If the result is being used for computer vision, machine learning, or the like (e.g. face recognition by computer) we're done: just present the recovered q(x,y) to the algorithm. If we want to print or display the result we'll want some spatiotonal mapping (filtering, such as sharpening) to compress the dynamic range down to the print or display medium. There are lots of filtering programs and software available, but in the true spirit of DIY, try to implement or write something of your own. That way you'll learn a lot more, and have more fun, regardless of how well your result turns out.

DIY: Have Fun and Learn by Inventing Something New

By doing it yourself, you have the potential to have a lot more fun and also to learn a lot more.

Moreover, you'll be better prepared to envision and solve totally new problems or dream up completely new ways of applying these concepts. For example, we can apply HDR to scientific sensing and visualization. Above is an example of work undertaken jointly by Ryan Janzen on biological visual metasensing. Metasensing is the sensing of sensing (see my previous Instructable on Metasensing). Here we're visualizing vision. This is like a visual acuity test, and visual acuity varies widely over our field-of-view. So it is the perfect candidate for HDR metasensing. Here we use a pseudocolor scale to visualize a massive dynamic range in vision. With HDR sensing and metasensing, we can finally see and understand many physical phenomena beyond what was previously possible.

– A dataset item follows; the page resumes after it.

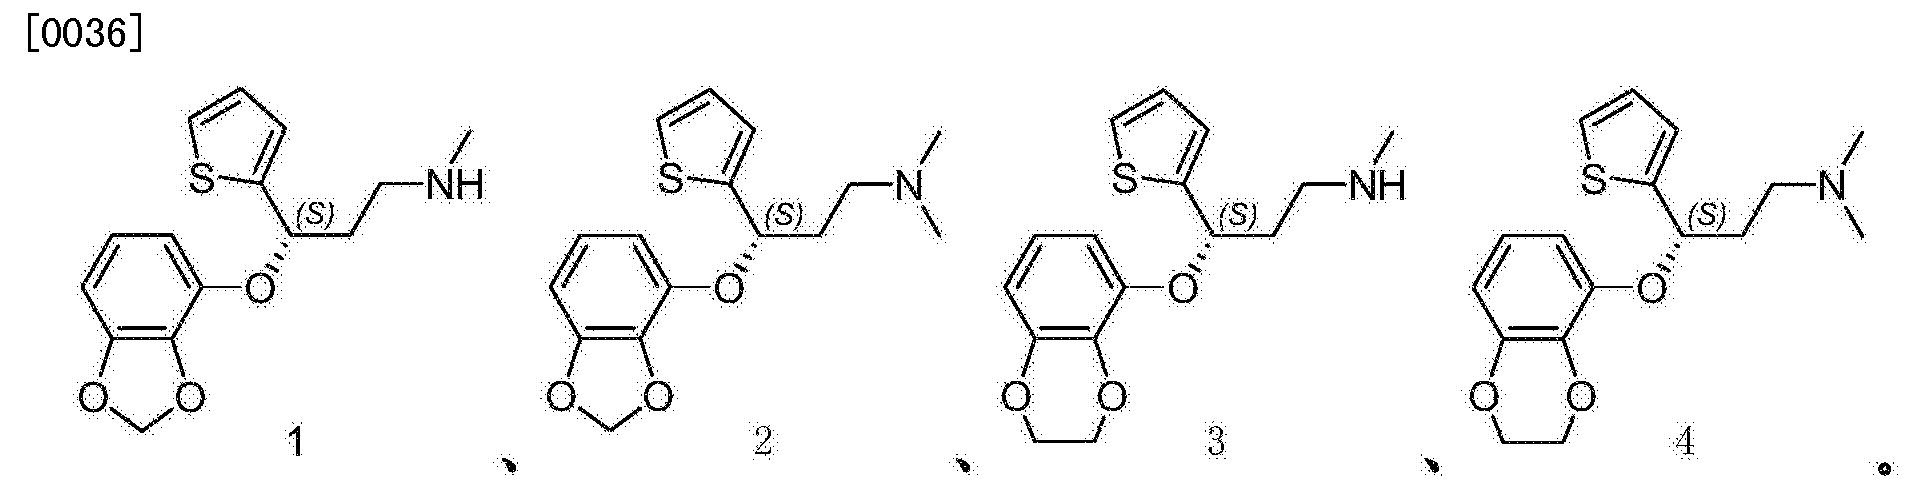 Figure CN105497020AD00052
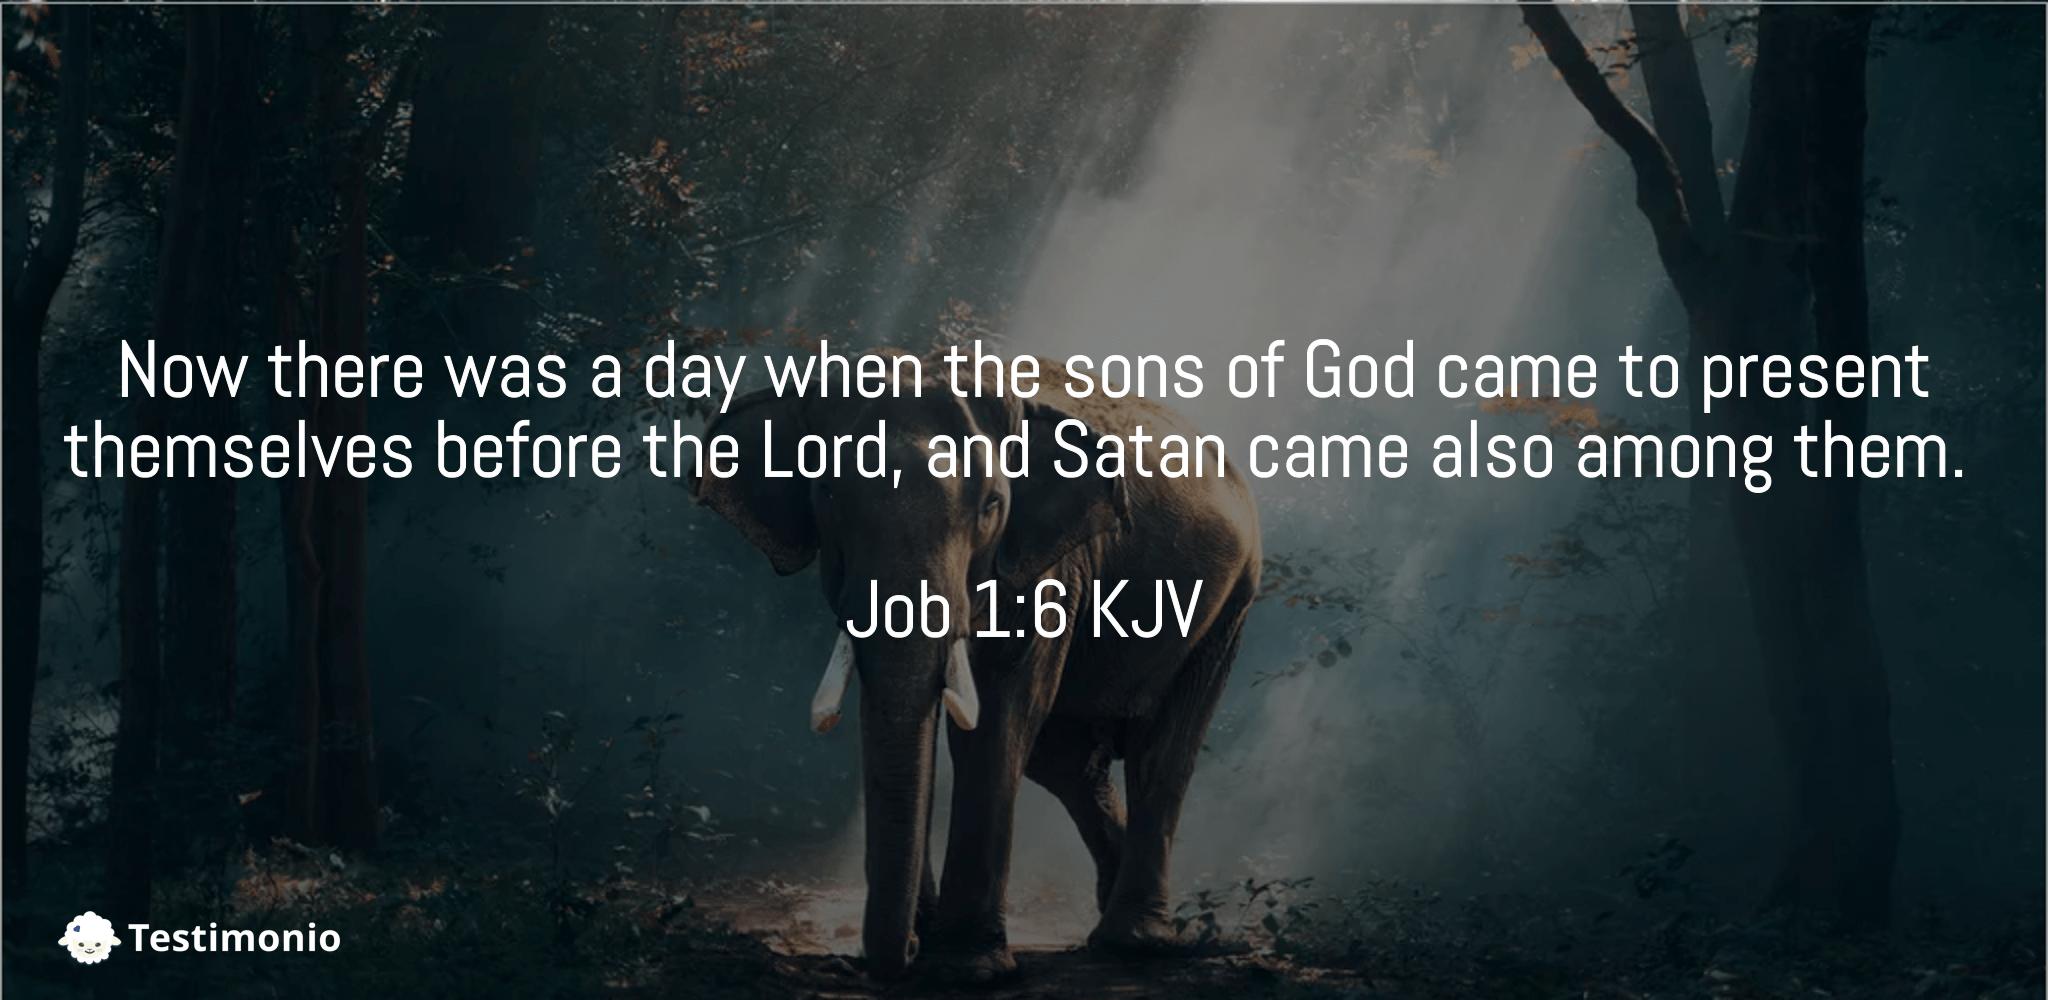 Job 1:6

Click on "I Made It!" If You Got As Far As the Comparagram

Even if you don't make it all the way through this Instructable, if you got as far as generating a comparagram, please share your results.

Try one or more of the following:

Capture a plurality of differently exposed recordings, such as some differently exposed images;
Construct a comparagram from an image with itself (this will help you understand comparagrams, and the result should be the histogram of the image along the diagonal);
Construct a comparagram from two different images that have the same exposure. Yes take a picture twice but with exactly the same camera settings, and then compute the comparagram of the two images. You should see some off-diagonal elements due to statistical noise. The "diagonal" line has fattened!;
Construct a comparagram from two differently exposed images, and upload the two images and the resulting comparagram under "I made it!";
Use the comparagram to combine the images;
Generate a CCRF from two images. This will have the same dimensions as the comparagram and the axes have the same meaning. The CCRF is a close relative of the comparagram and is an efficient way of representing and computing comparametic information;
Use the CCRF to combine two differently exposed images of the same subject matter. Compare the computational efficiency and image quality with (5) above. You should find that the images look better and are computed thousands of times faster.